Улыбка:
– «Надо всем сойти с ума – как можно скорее сойти с ума». Это говорил кто-то вчера. Ты помнишь? Там…
Да, это у меня записано. И следовательно, это было на самом деле. Я молча смотрю на ее лицо: на нем сейчас особенно явственно – темный крест.
– I, милая, – пока еще не поздно… Хочешь – я брошу все, забуду все – и уйдем с тобою туда, за Стену – к этим… я не знаю, кто они.
Она покачала головой. Сквозь темные окна глаз – там, внутри у ней, я видел, пылает печь, искры, языки огня вверх, навалены горы сухих, смоляных дров. И мне ясно: поздно уже, мои слова уже ничего не могут…
Встала – сейчас уйдет. Может быть, уже последние дни, может быть, минуты… Я схватил ее за руку.
– Нет! Еще хоть немного – ну, ради… ради…
Она медленно поднимала вверх, к свету, мою руку – мою волосатую руку, которую я так ненавидел. Я хотел выдернуть, но она держала крепко.

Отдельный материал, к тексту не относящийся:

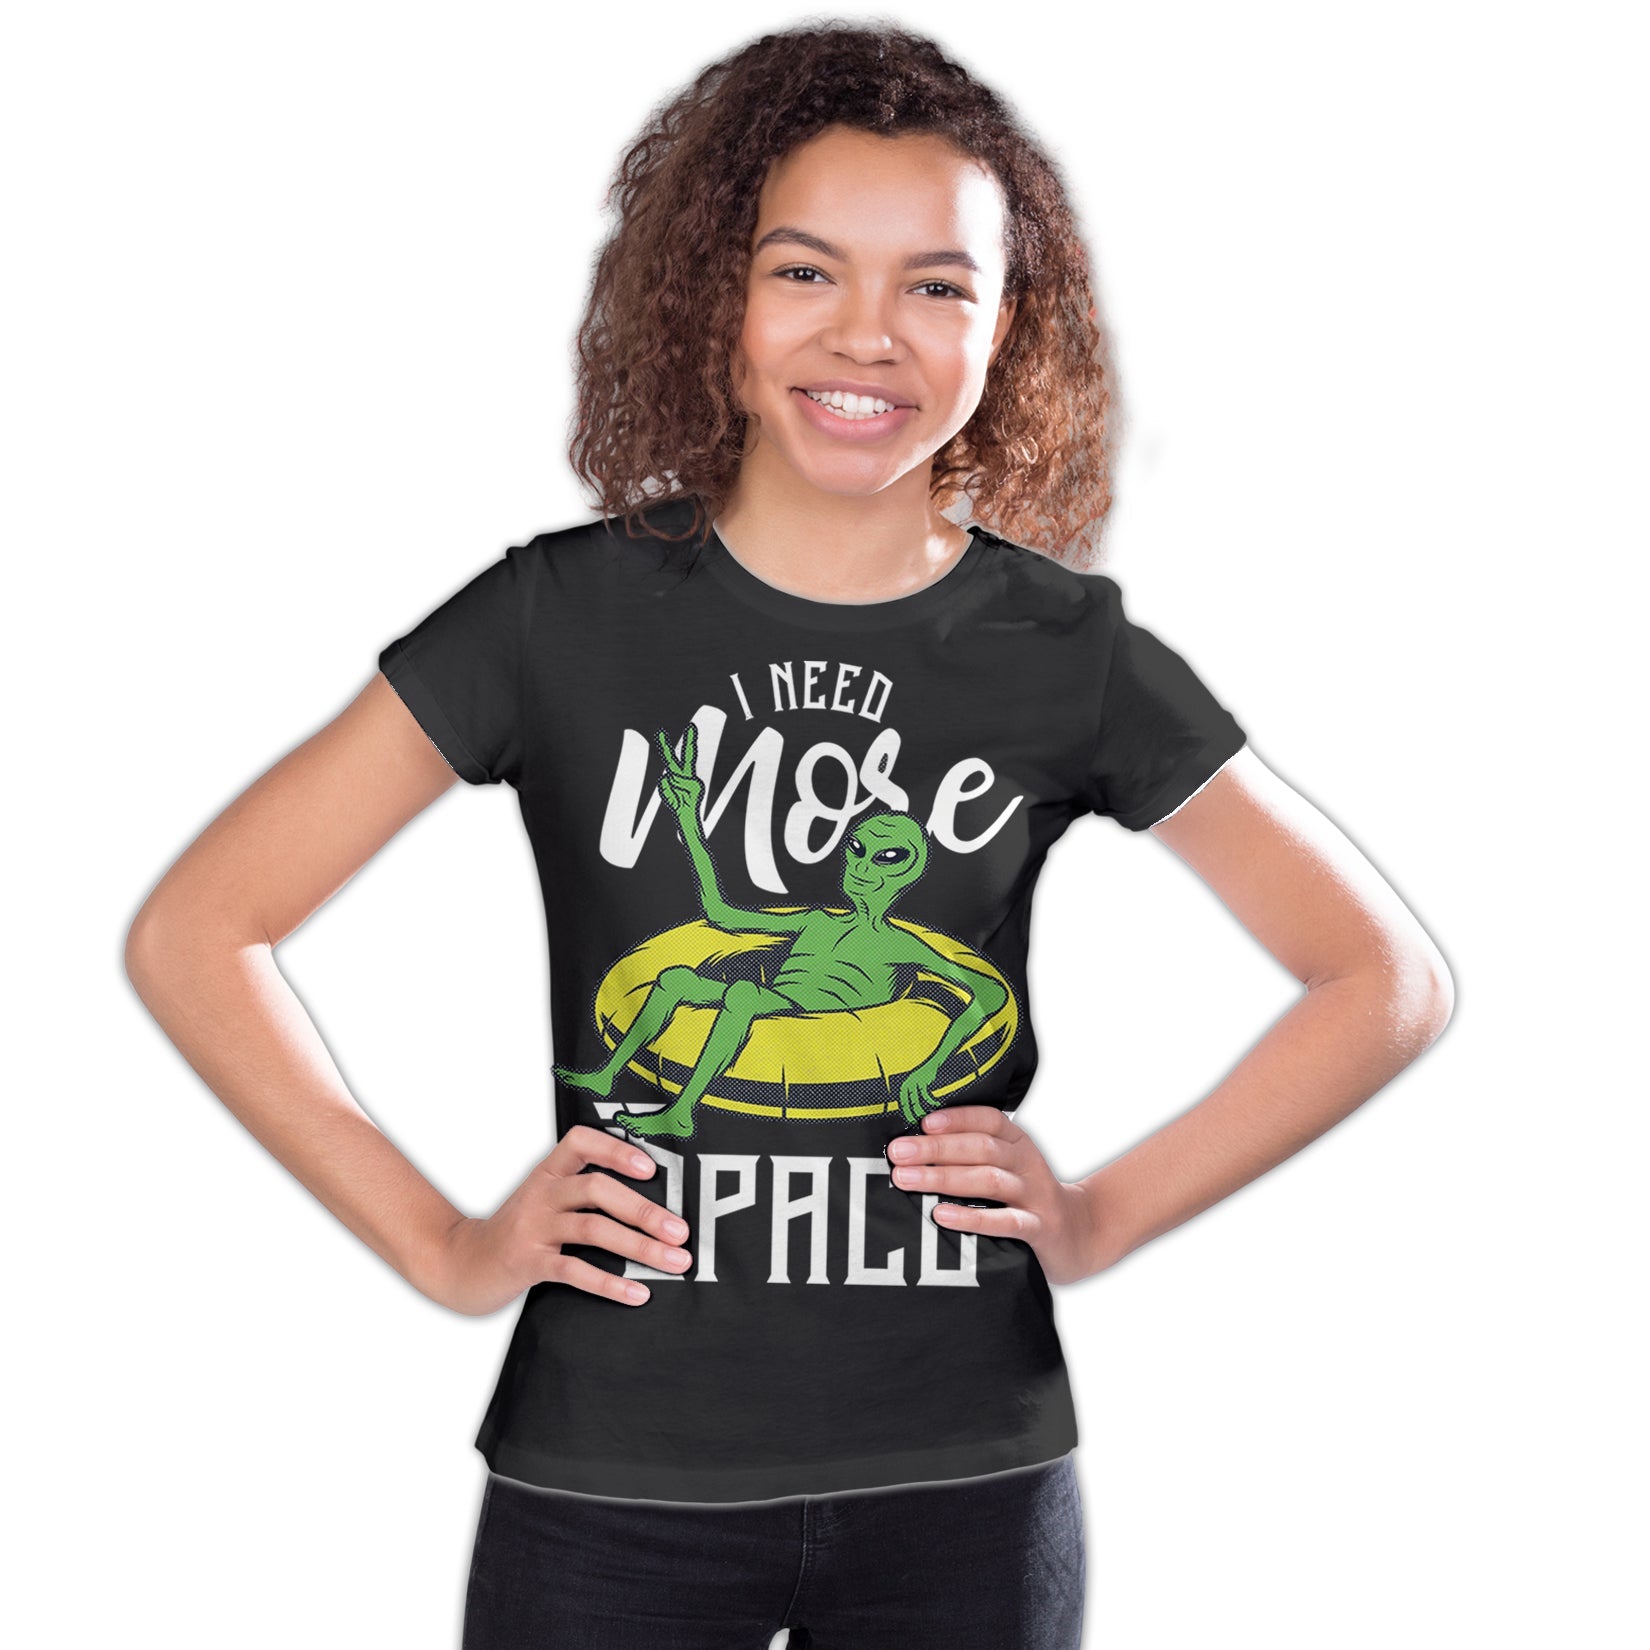 Science Space I Need More Alien X Parody Nerd Geek Chic Lol Official Youth T-shirt

– Твоя рука… Ведь ты не знаешь – и немногие это знают, что женщинам отсюда, из города, случалось любить тех. И в тебе, наверное, есть несколько капель солнечной, лесной крови. Может быть, потому я тебя и —
Пауза – и как странно: от паузы, от пустоты, от ничего – так несется сердце. И я кричу:
– Ага! Ты еще не уйдешь! Ты не уйдешь – пока мне не расскажешь о них – потому что ты любишь… их, а я даже не знаю, кто они, откуда они. Кто они? Половина, какую мы потеряли, Н2 и О – а чтобы получилось Н2 О – ручьи, моря, водопады, волны, бури – нужно, чтобы половины соединились…
Я отчетливо помню каждое ее движение. Я помню, как она взяла со стола мой стеклянный треугольник и все время, пока я говорил, прижимала его острым ребром к щеке – на щеке выступал белый рубец, потом наливался розовым, исчезал. И удивительно: я не могу вспомнить ее слов – особенно вначале, – и только какие-то отдельные образы, цвета.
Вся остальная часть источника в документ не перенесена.